The context of the relationship between the parties may also be relevant. A previous relationship or previous sexual activity does not amount to consent on a particular occasion, but it may form part of the background that the jury considers. This will be a controversial area in most trials and the defendant will need to make a formal application to the court for permission to rely on this sort of evidence.
How Chetwode Criminal Defence can help
Allegations involving consent are often among the most challenging cases to defend. The evidence can be highly personal, the issues can be complicated, and the consequences of a conviction can be extremely serious.
At Chetwode Criminal Defence, we understand the importance of carefully examining the evidence, identifying the legal issues, and ensuring that the prosecution is required to prove every part of the offence.
Our criminal defence team can advise you from the earliest stages of an investigation through to trial, providing clear advice and strong representation throughout the process.
FAQs
Does someone have to say “no” for there to be no consent?
No.
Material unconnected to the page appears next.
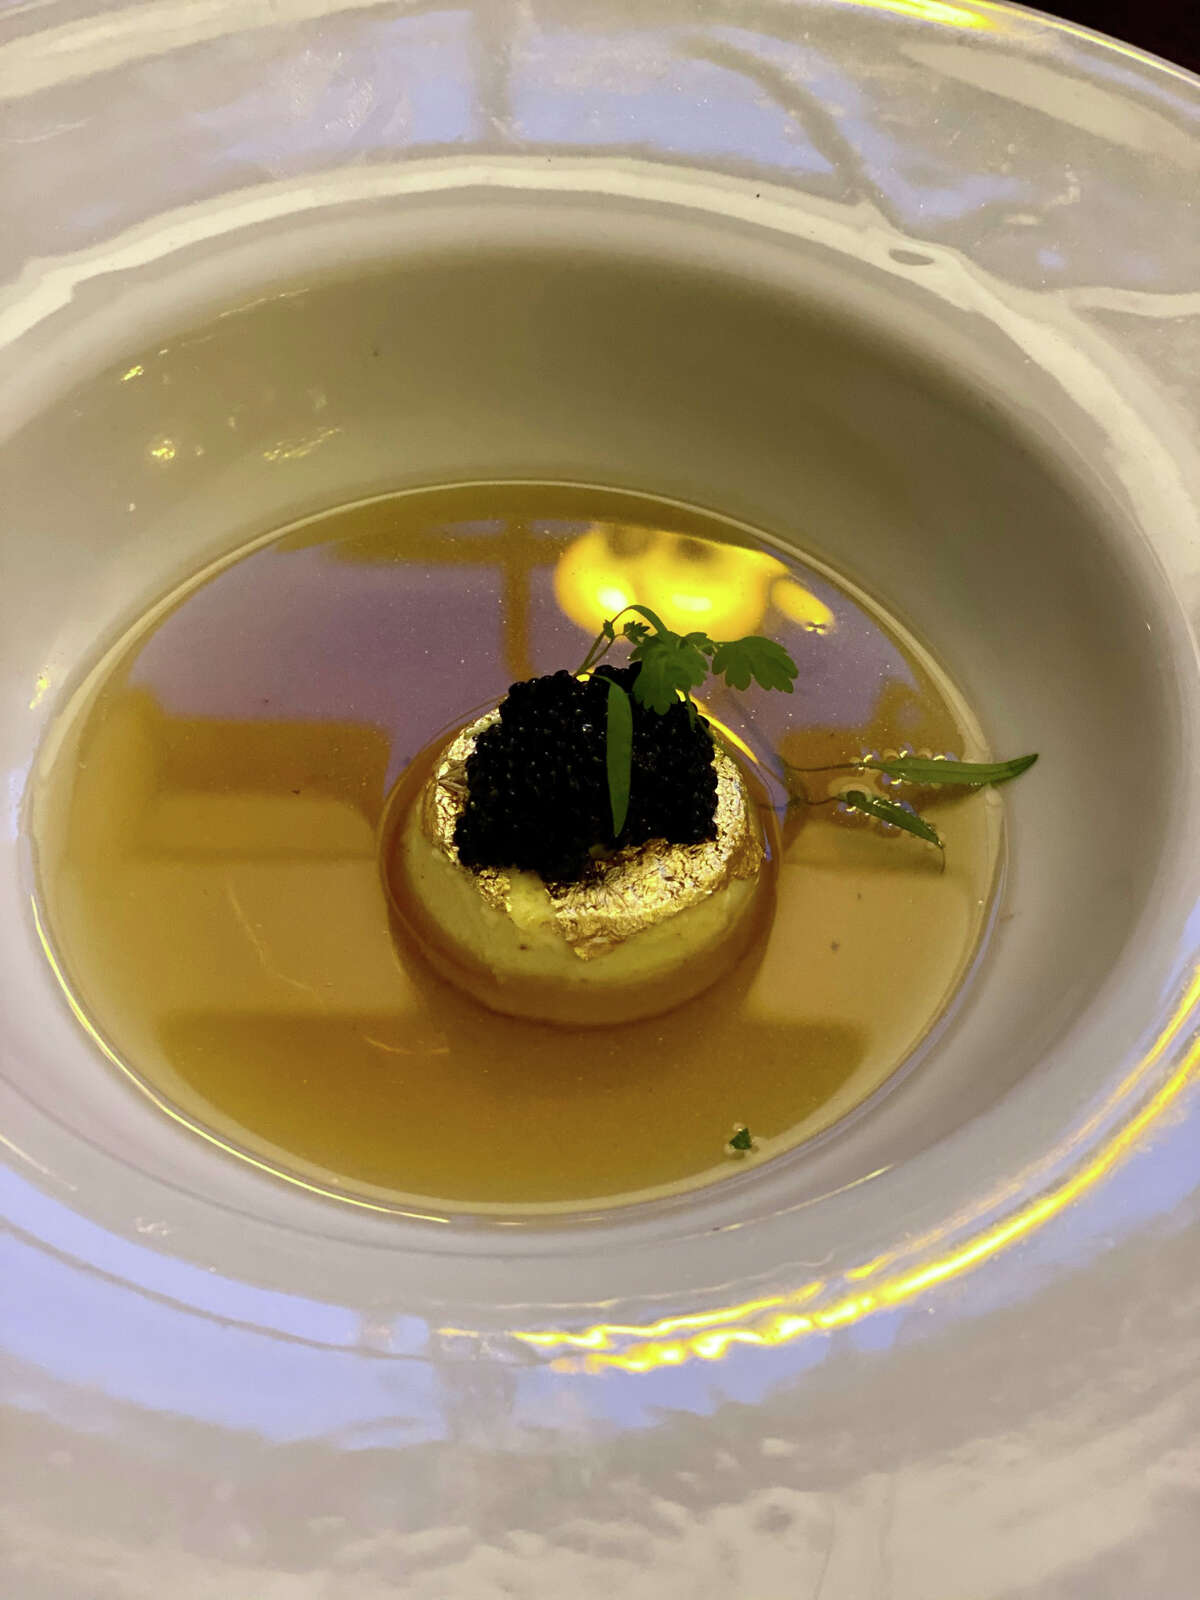 Edible gold foil wraps a savory custard that is topped with caviar and bathed in crystal-clear bison consommé at Jack's Oyster House in Albany.
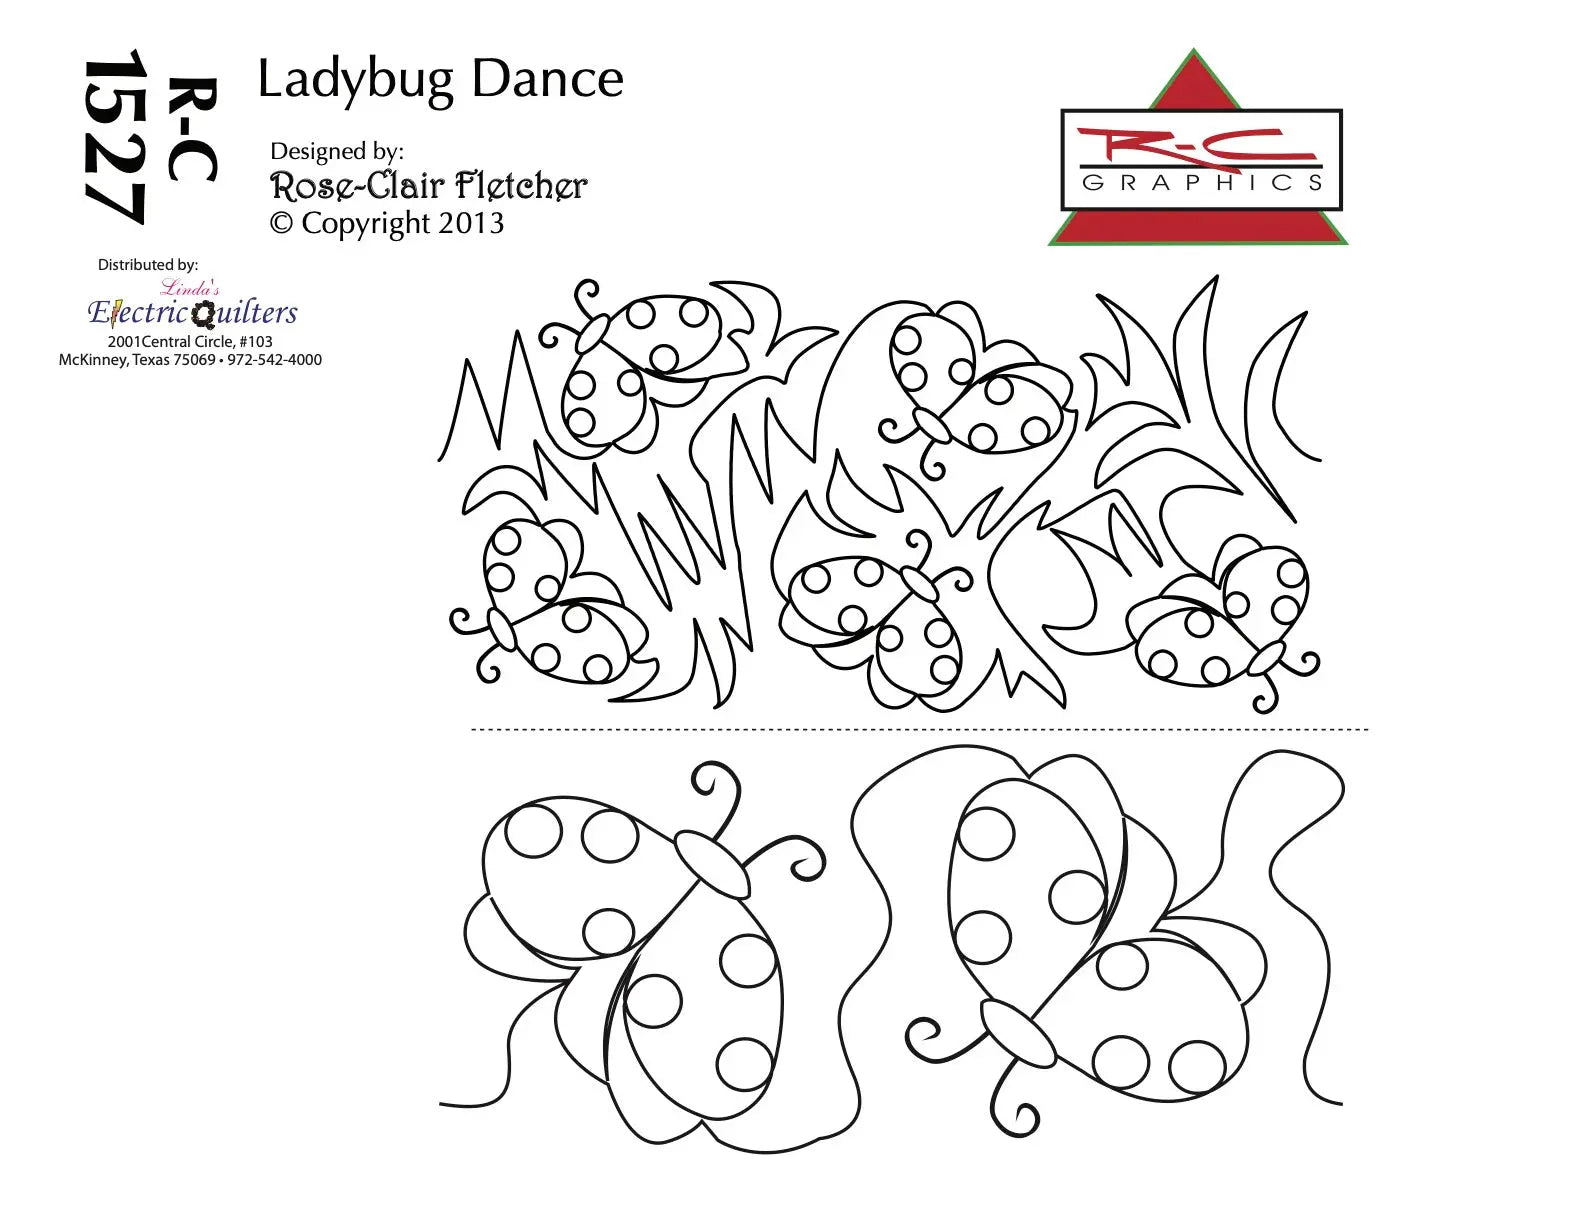 1527 Ladybug Dance Pantograph by Rose-Clair Fletcher - Linda's Electric Quilters

Consent is about whether someone freely chose to participate. A lack of verbal refusal or physical resistance does not necessarily mean consent was present.
Can someone withdraw consent after sexual activity has started?
Yes. Consent must continue throughout sexual activity and can be withdrawn at any time.
If both people were drunk, does that mean there was no consent?
Not necessarily. The issue is whether the person had the capacity and freedom to choose. Intoxication is considered in the circumstances of each case.
Can a genuine belief in consent be a defence?
Yes, but the belief must be reasonable. The jury will consider all the circumstances when deciding this.